▸ **DATASET EXCERPT**:
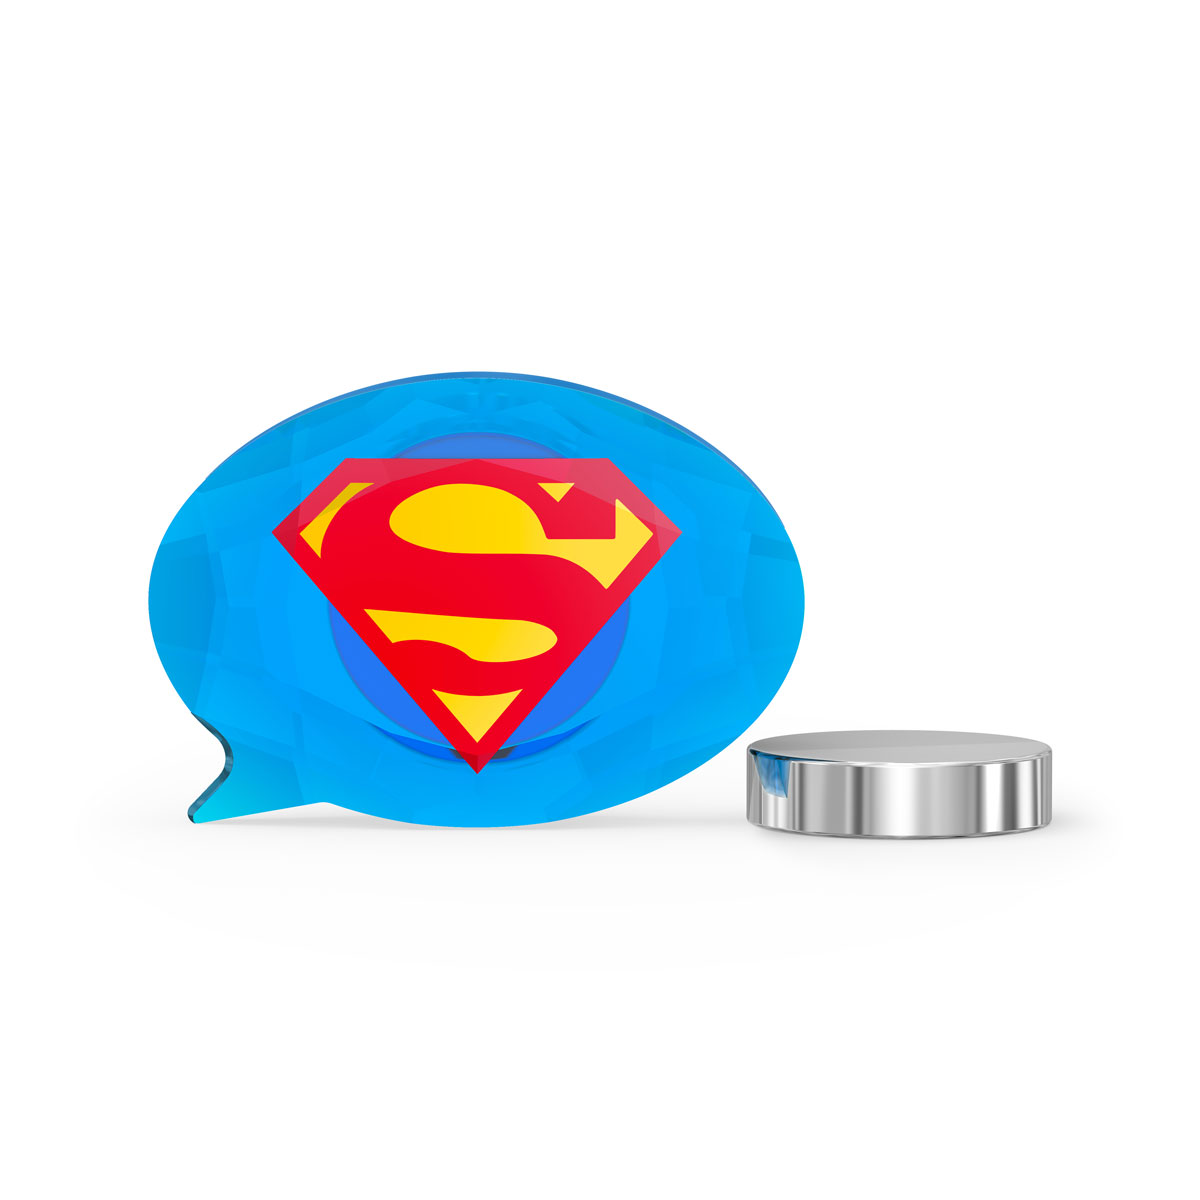 Swarovski Warner Bros. DC Comics Magnet Superman Logo
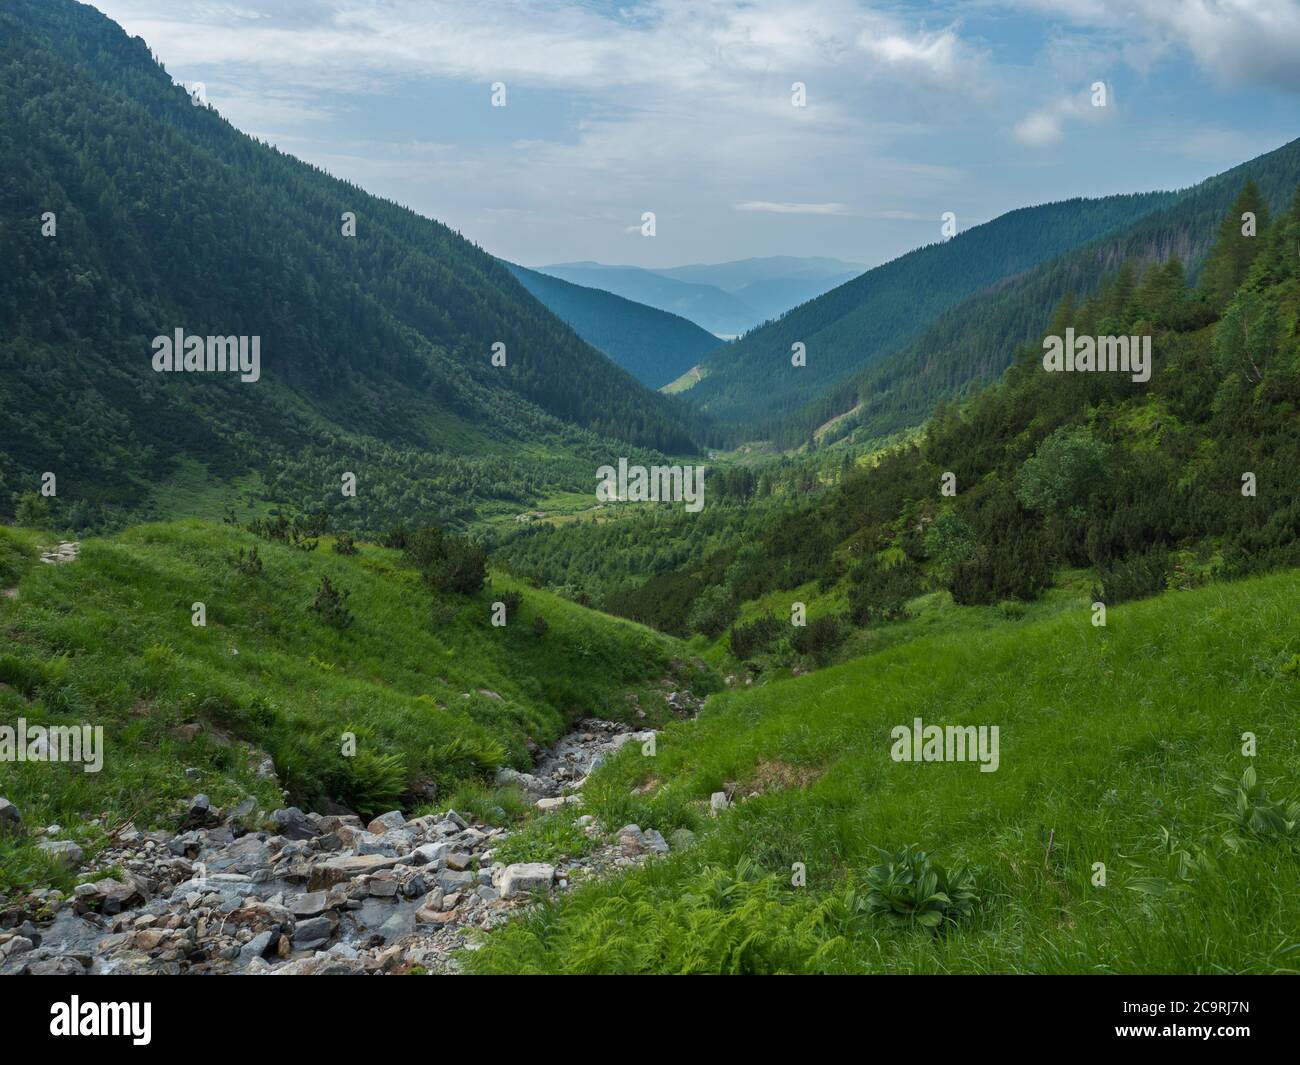 Beautiful mountain landscape with lush green grass, spruce trees, dwarf scrub pine and bald mountain peaks. Ziarska dolina, Western Tatras mountains Stock Photo
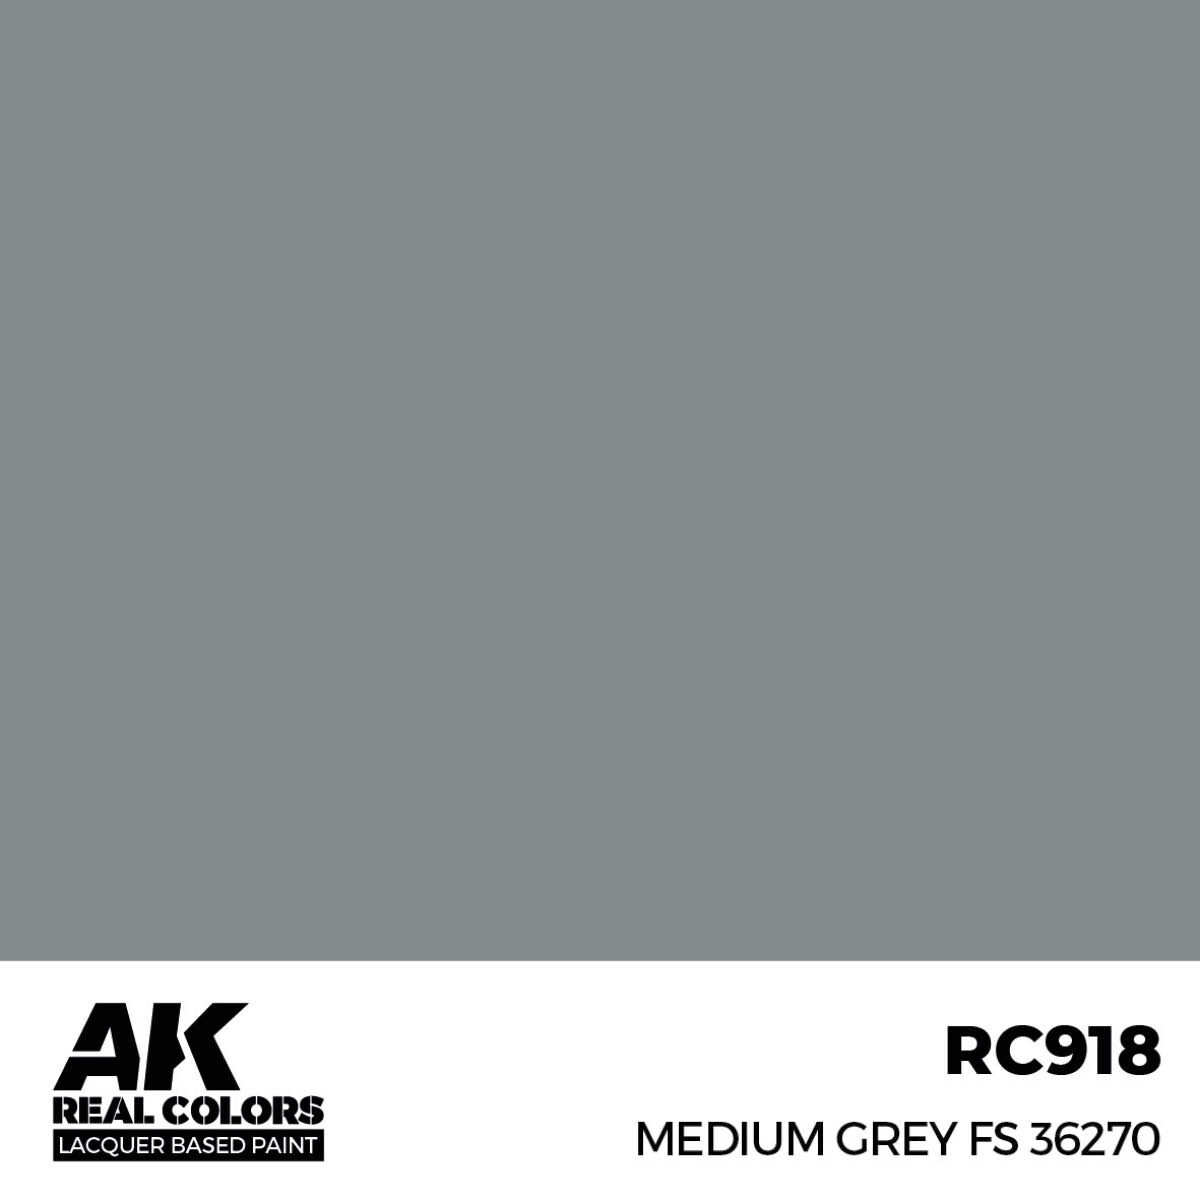 AK RC918 Real Colors Medium Grey FS 36270 17 ml.

▸ **WHAT YOU HAVE TO DO**: Using the data above, print every line exactly, omitting pictures.

▸ **EXERCISE RESULT**:
 Swarovski Warner Bros. DC Comics Magnet Superman Logo
 Beautiful mountain landscape with lush green grass, spruce trees, dwarf scrub pine and bald mountain peaks. Ziarska dolina, Western Tatras mountains Stock Photo
 AK RC918 Real Colors Medium Grey FS 36270 17 ml.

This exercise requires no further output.